Tutorial: Automated Research Workflow

📹 Tutorial Videos

Presentation Tutorial

Tutorial Video

How to design, organize, and execute a generic multi-agent system for JAMA-style paper generation.

This guide explains the architecture and operation of the BST236 Midterm Project Workflow—a system designed to turn raw public health data into publication-ready research papers with minimal human intervention.

1. Executive Summary

1.1 Why This Workflow Exists

Research is often slowed by the friction of switching between data analysis, literature review, and manuscript drafting. This workflow eliminates that friction by:

Preventing Context Loss: Agents share a unified understanding of the data across all phases.
Enforcing Standards: Built-in "Quality Gates" ensure every output meets JAMA Network Open guidelines.
Scaling Effort: Complex statistical modeling and LaTeX typesetting are automated, allowing the researcher to focus on high-level interpretation.

1.2 The Goal

To move from Raw Data → Publication-Ready PDF + Presentation Materials in under 60 minutes.

2. Getting Started: Installation & Setup

2.1 System Requirements

Our workflow is designed to be cross-platform but has been rigorously tested on:

macOS (Primary development environment)
Linux/Ubuntu
Windows (via WSL/WSL2 recommended)

2.2 Software Prerequisites

You will need three core components installed on your system:

2.2.1 Python Environment (3.9+)

The orchestrator and analysis scripts require standard scientific computing packages.

# Install required Python packages
pip install pandas numpy scipy statsmodels matplotlib seaborn scikit-learn openpyxl

2.2.2 LaTeX Distribution

This is required for generating the final publication-ready PDF.

macOS: brew install --cask mactex
Ubuntu: sudo apt-get install texlive-full
Windows: Download MiKTeX

2.2.3 AI Assistant (Optional)

If you wish to use the multi-agent system via a CLI assistant, we recommend the GitHub Copilot CLI:

gh extension install github/gh-copilot
gh auth login

2.3 Repository Setup

Clone the Workflow:

git clone https://github.com/your-squad/midterm-project.git
cd midterm-project

Verify Installation:

Run a quick sanity check to ensure all dependencies are met:

python -c "import pandas, statsmodels, matplotlib; print('✅ Python OK')"
pdflatex --version | head -n 1

Important

PATH Issues: Ensure that pdflatex and bibtex are in your system's PATH. On macOS, you may need to add /Library/TeX/texbin to your path manually.

3. Quick Start

3.1 Method 1: The Python Orchestrator (Script Mode)

The fastest way to execute the workflow is via the Python orchestrator. This is recommended for the "90-minute exam" scenario where stability is key. Place your datasets in a folder (e.g., exam_data/) and run:

# Run the complete end-to-end workflow
python workflow/orchestrator.py exam_data/ -o exam_paper/

3.2 Method 2: The AI CLI (Agent Mode)

For interactive control or fine-tuning, you can use an AI CLI (like Gemini CLI or Claude Code) to trigger the agents directly.

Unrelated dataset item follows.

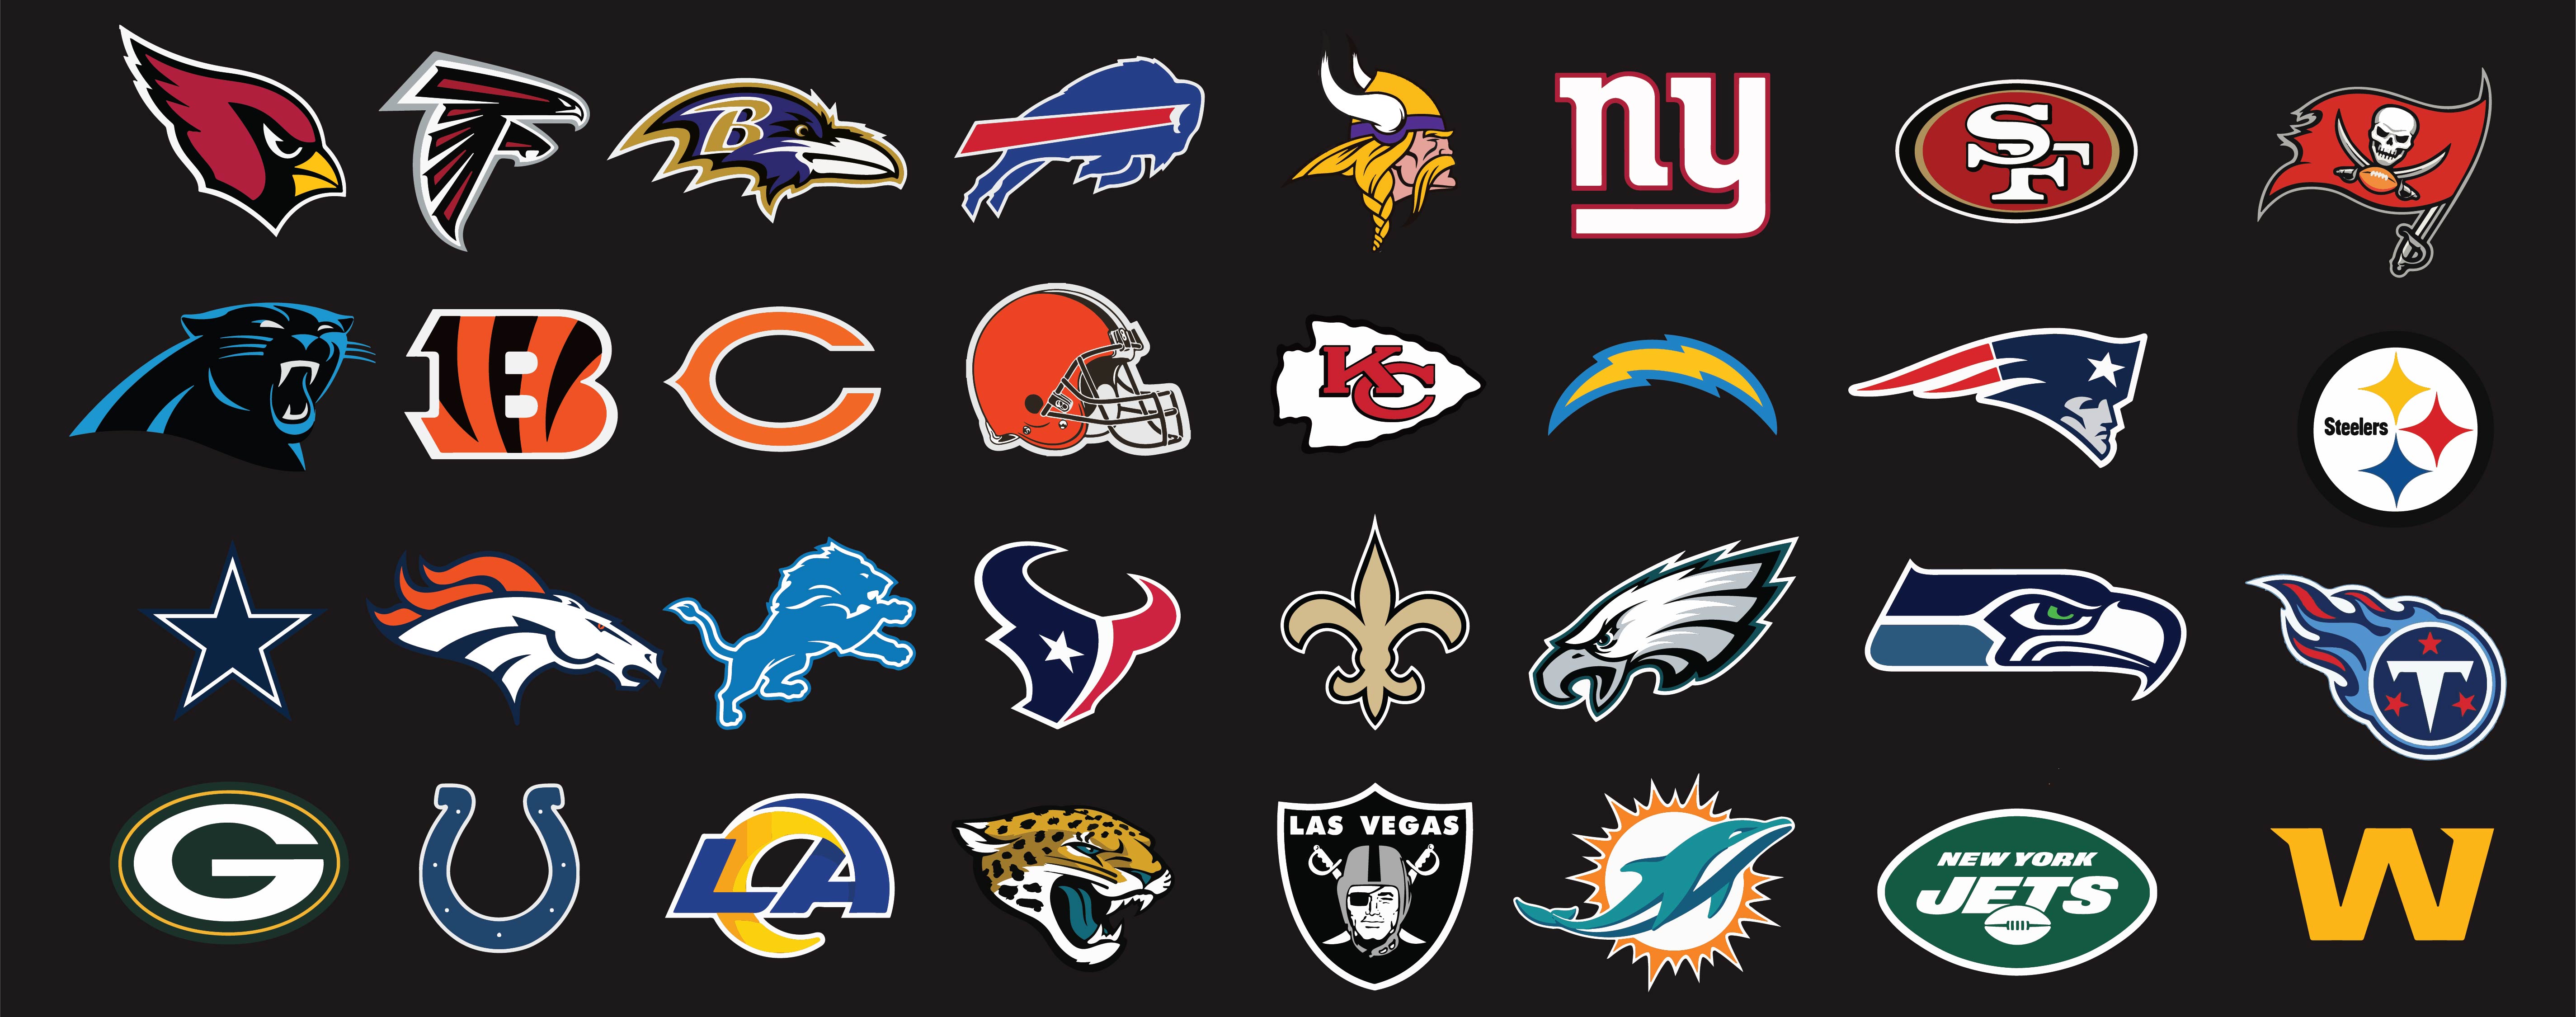 10 Best NFL Football Logos Printable

This allows the AI to "think" through each step and handle complex edge cases that a static script might miss.

The "Power Prompt":

Simply point the AI to the workflow/ folder and issue a high-level directive:

"Use the multi-agent workflow system in workflow/ to generate a JAMA Network Open paper 
from the data in exam_data/. 

1. Follow the Agent definitions in workflow/agents/
2. Use the Skills provided in workflow/skills/
3. Adhere to the Quality Standards in workflow/prompts/

Deliver the final PDF to the exam_paper/ directory."

Pro Tip

Pro Tip: When using Agent Mode, you can pause between phases to review the research_question.md or analysis_plan.md before the AI proceeds to the statistical modeling phase.

Verification

Verification: After the workflow finishes, check exam_paper/paper.pdf. If you see "Reference ??", it means the BibTeX phase encountered an error; check exam_paper/paper.log for details.

4. System Architecture

4.1 The 3-Layer Design Pattern

Our workflow is built on a modular "3-layer cake" architecture, ensuring that domain expertise is separated from technical implementation.

Agent Layer (The Brains)

Skills Layer (The Hands)

Prompts Layer (The Rulebook)

4.1.1 Layer 1: The Agent Layer (`workflow/agents/`)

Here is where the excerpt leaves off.